The risk is that the current move has become crowded and front-loaded versus the actual earnings power realization. The stock has already repriced sharply on the narrative, while the next proof point must be sustained conversion from pilot to production, not just account counts. If usage growth decelerates even modestly over the next 1-2 quarters, the multiple can compress quickly because investors are paying for a multi-year AI attach-rate story rather than near-term EPS alone.

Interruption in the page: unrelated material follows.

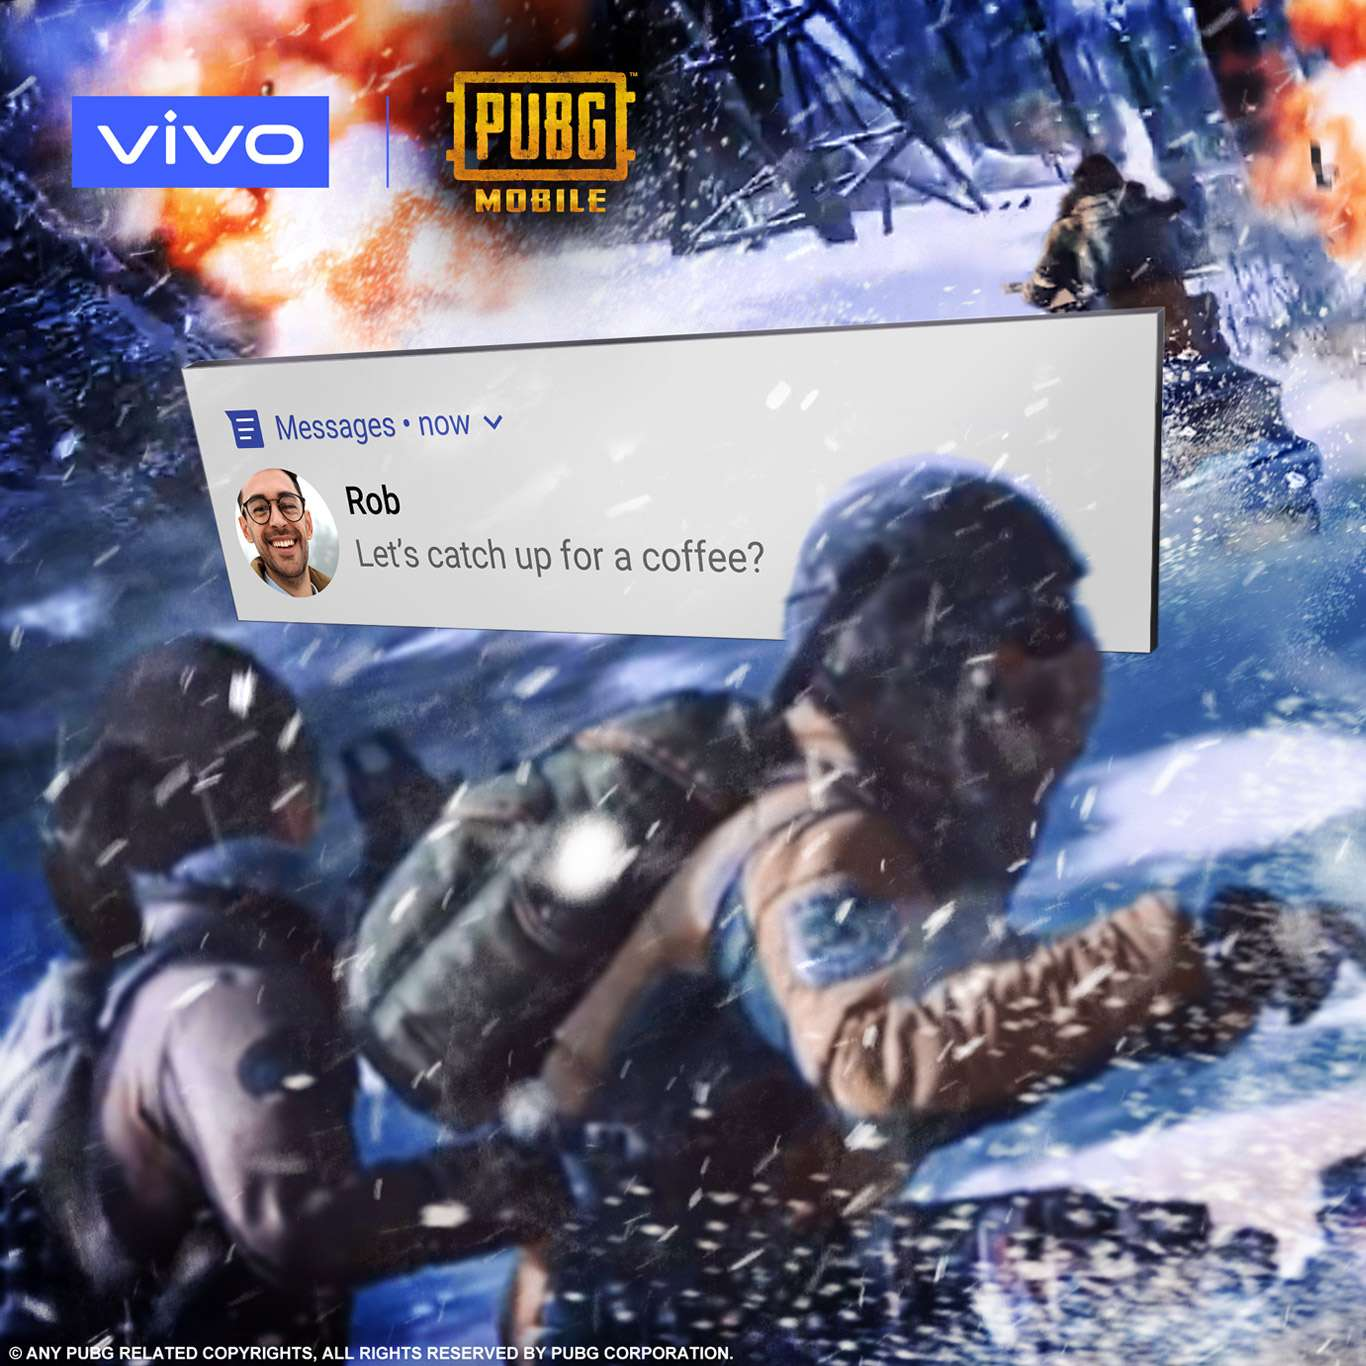 Vivo_SocialPost_PUBG_SnowMobile_essencial
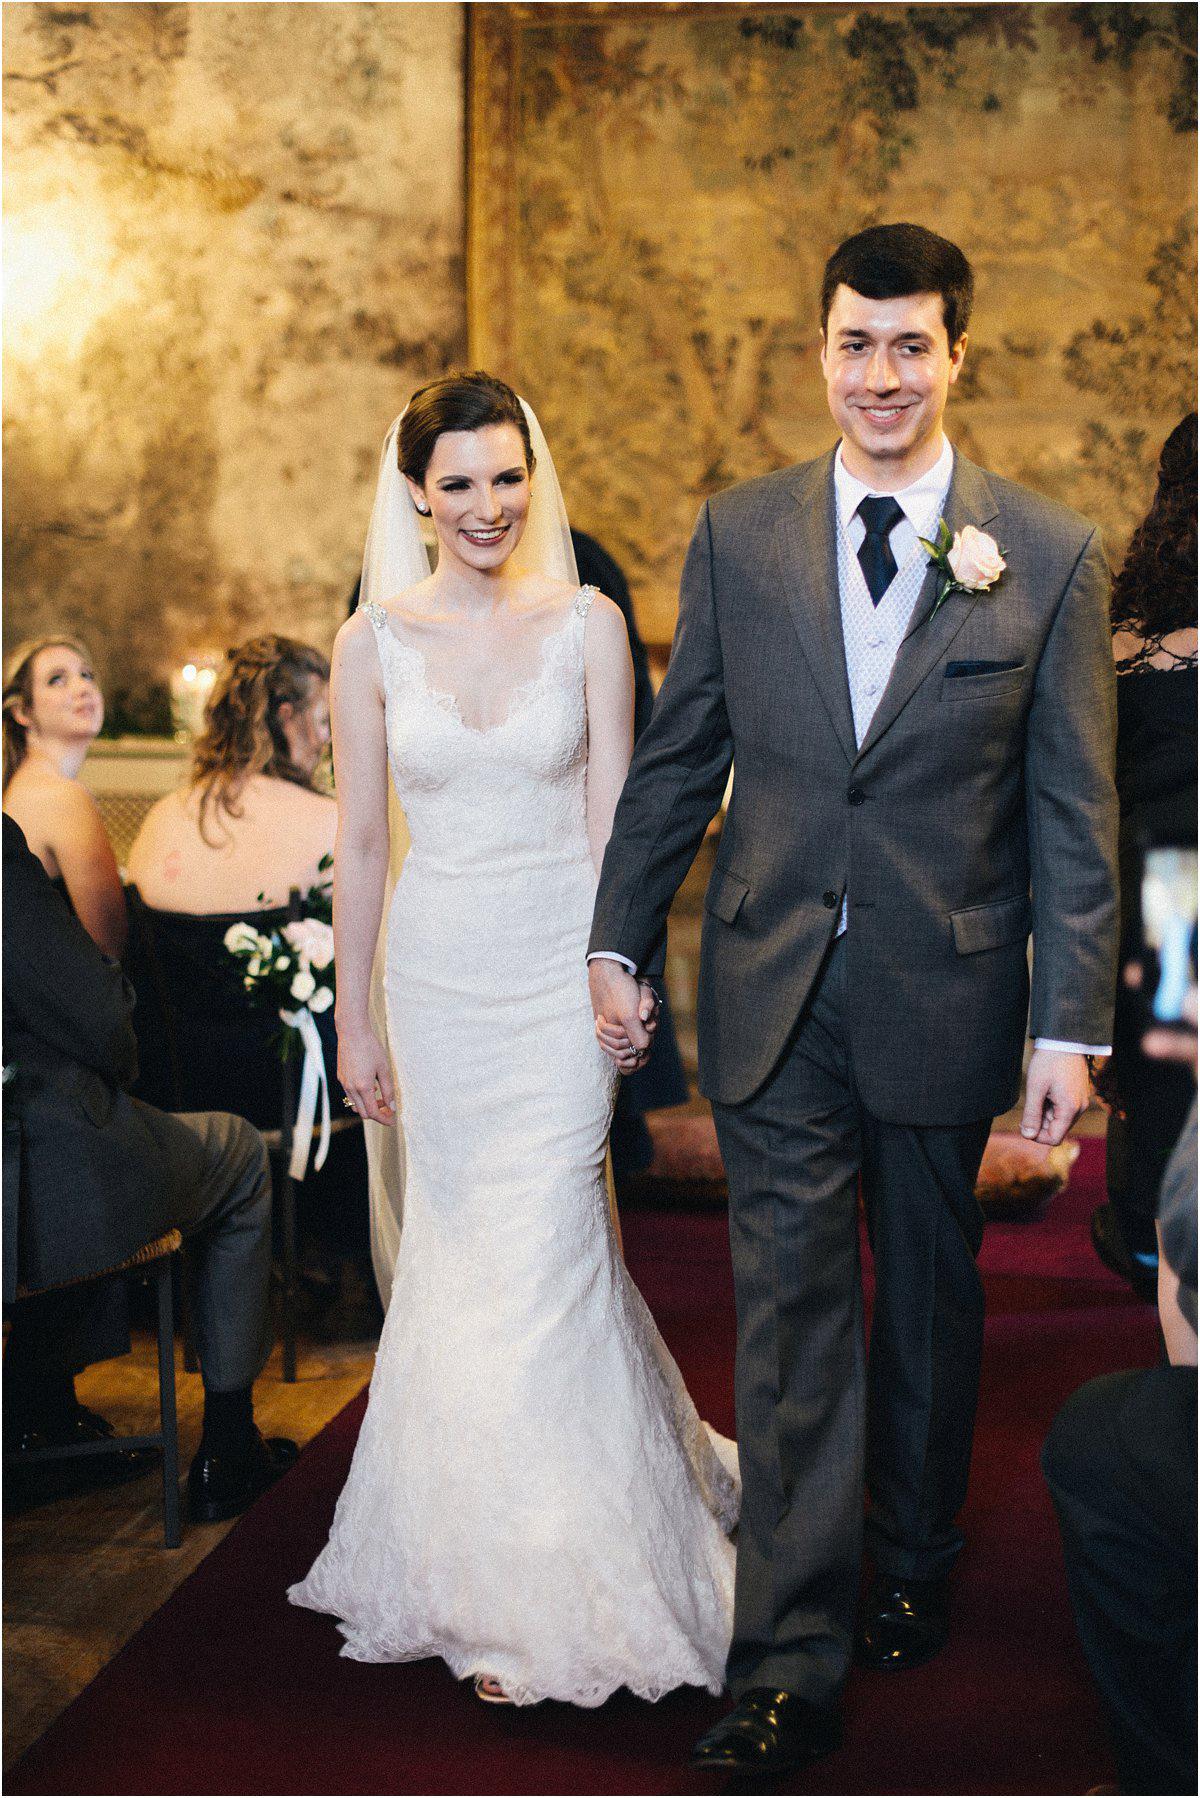 Crofts & Kowalczyk Photography Dundas Castle Edinburgh Scotland wedding

Contrarian view: the consensus may be overestimating how linear AI monetization will be. The base case should assume that AI features raise consumption, but not every account will generate durable incremental spend; a portion of the uplift can be one-time experimentation or pricing optimization rather than structural demand. In that scenario, the company still compounds, but the upside from here is more likely to come from execution and margin expansion than from another leg of narrative-driven re-rating.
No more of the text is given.